Generative AI refers to AI models capable of creating new content — such as text, images, or code — based on training data. Examples include ChatGPT and DALL·E. Businesses use generative AI to automate content creation, personalize customer communication, support product development, and assist software engineering. It enables faster innovation and improves efficiency across marketing, sales, and customer support functions.
What does MLOps mean and why is it important?
MLOps, short for Machine Learning Operations, is a set of practices that aims to streamline the development, deployment, monitoring, and management of machine learning models. Similar to DevOps in software engineering, MLOps ensures that AI models are continuously integrated, tested, and updated in a scalable and secure way. It is essential for organizations that want to move from pilot AI projects to large-scale, production-ready implementations across departments.
Why is explainability in AI so important?
Explainability in AI refers to the ability to understand how and why an AI system made a specific decision. This is crucial in regulated industries like finance or healthcare, where transparency and accountability are required. Explainable AI builds trust among users and stakeholders and helps ensure that models are fair, reliable, and compliant with ethical and legal standards.
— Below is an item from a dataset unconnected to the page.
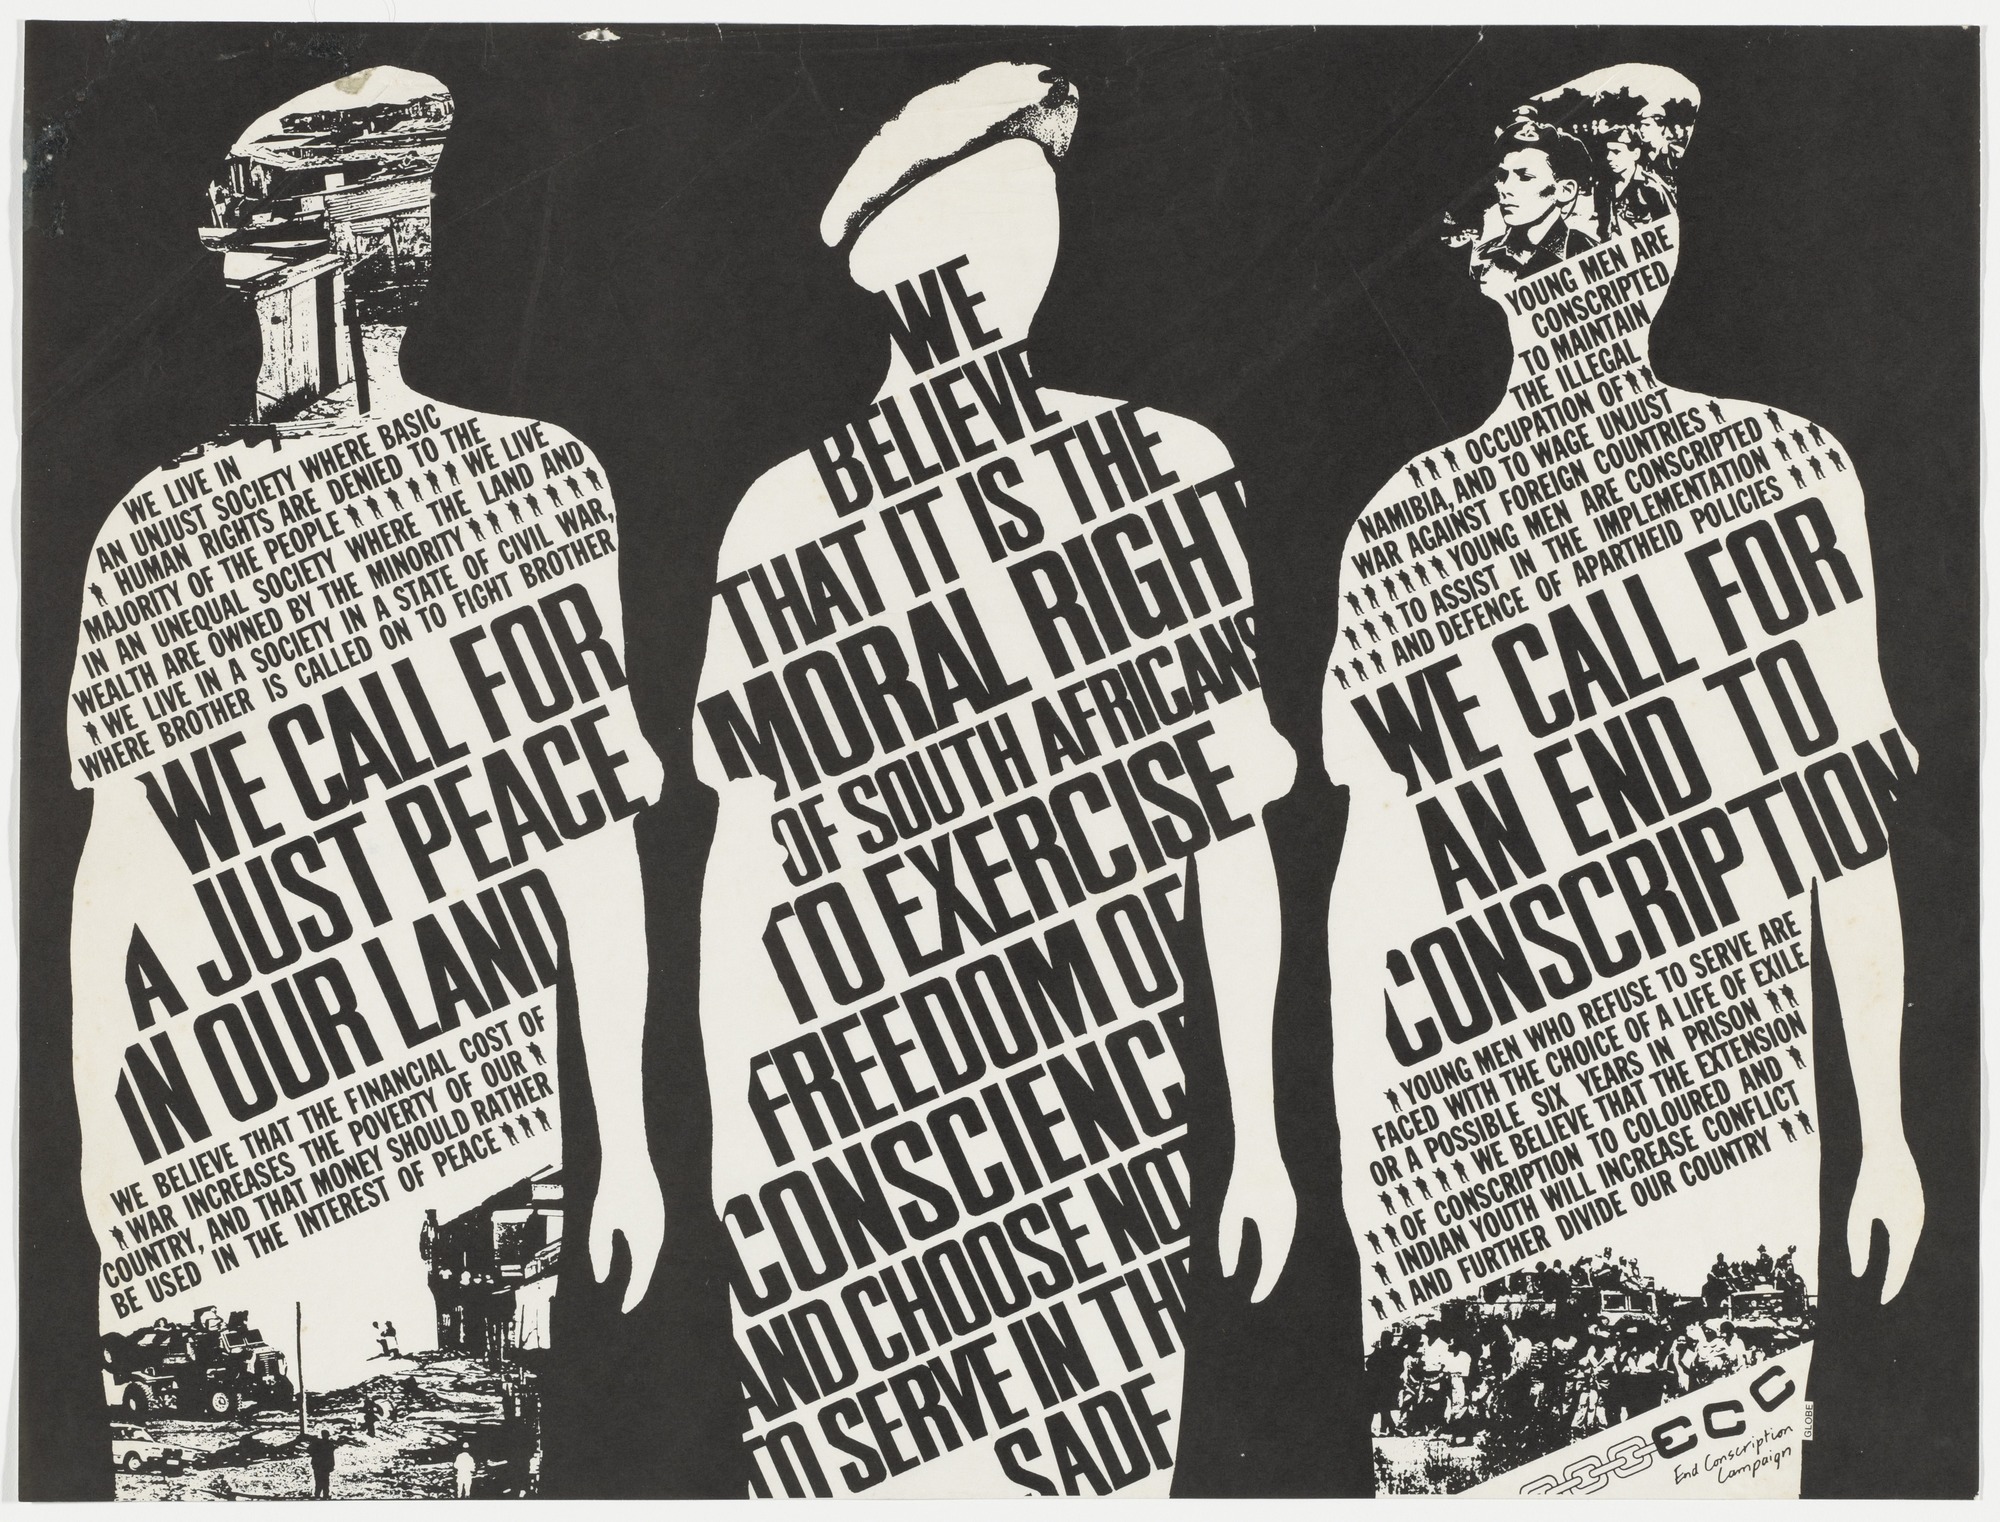 End-Conscription-Campaign-ECC_We-Call for-an-End-to-Conscription_1986
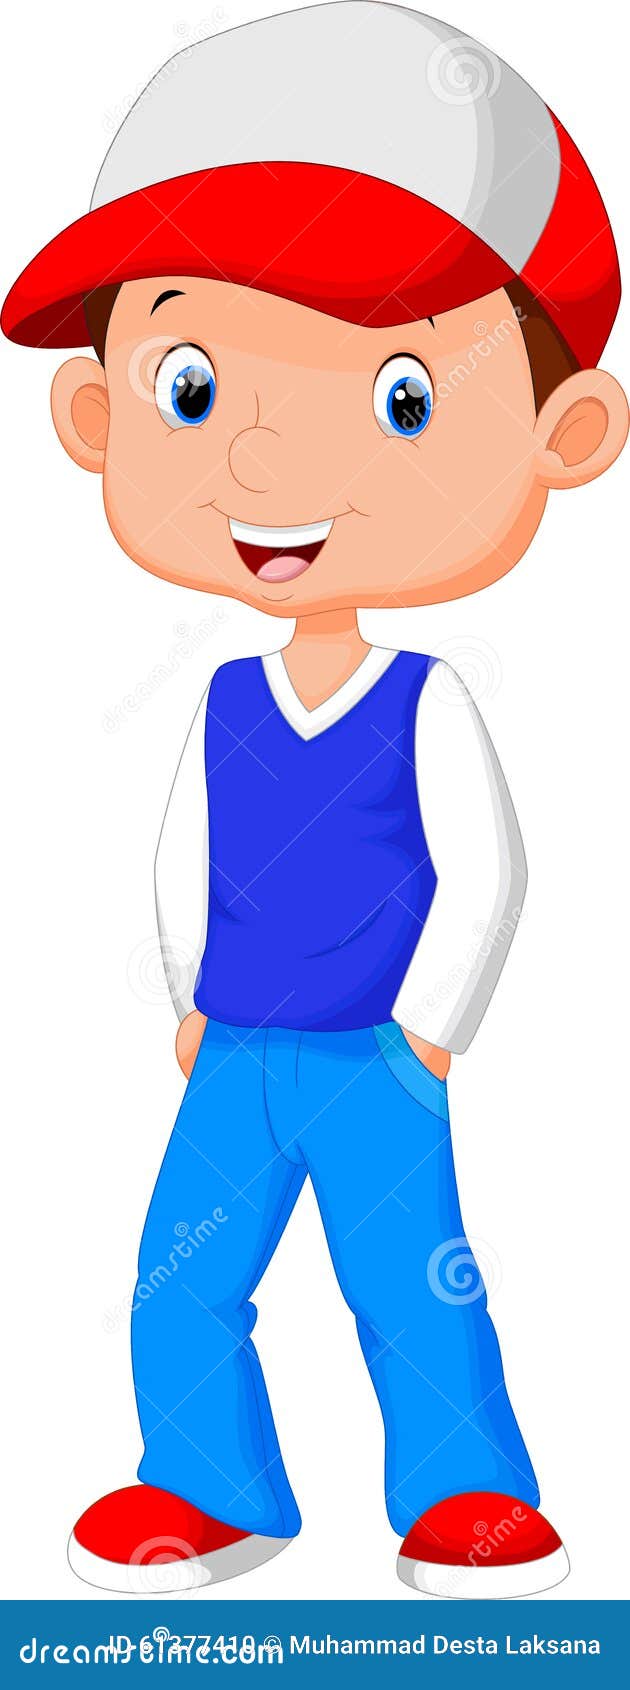 Cartoon boy wearing a hat stock illustration. Illustration of kids -  61377410

What are the risks of implementing AI, and how can they be mitigated?
AI implementation comes with risks such as data bias, lack of transparency, data privacy concerns, and unintended consequences in decision-making. These risks can be mitigated through responsible AI practices — including clear governance frameworks, continuous monitoring, ethical guidelines, and user education. Involving multidisciplinary teams and ensuring human oversight are also key strategies to maintain control over AI-driven processes.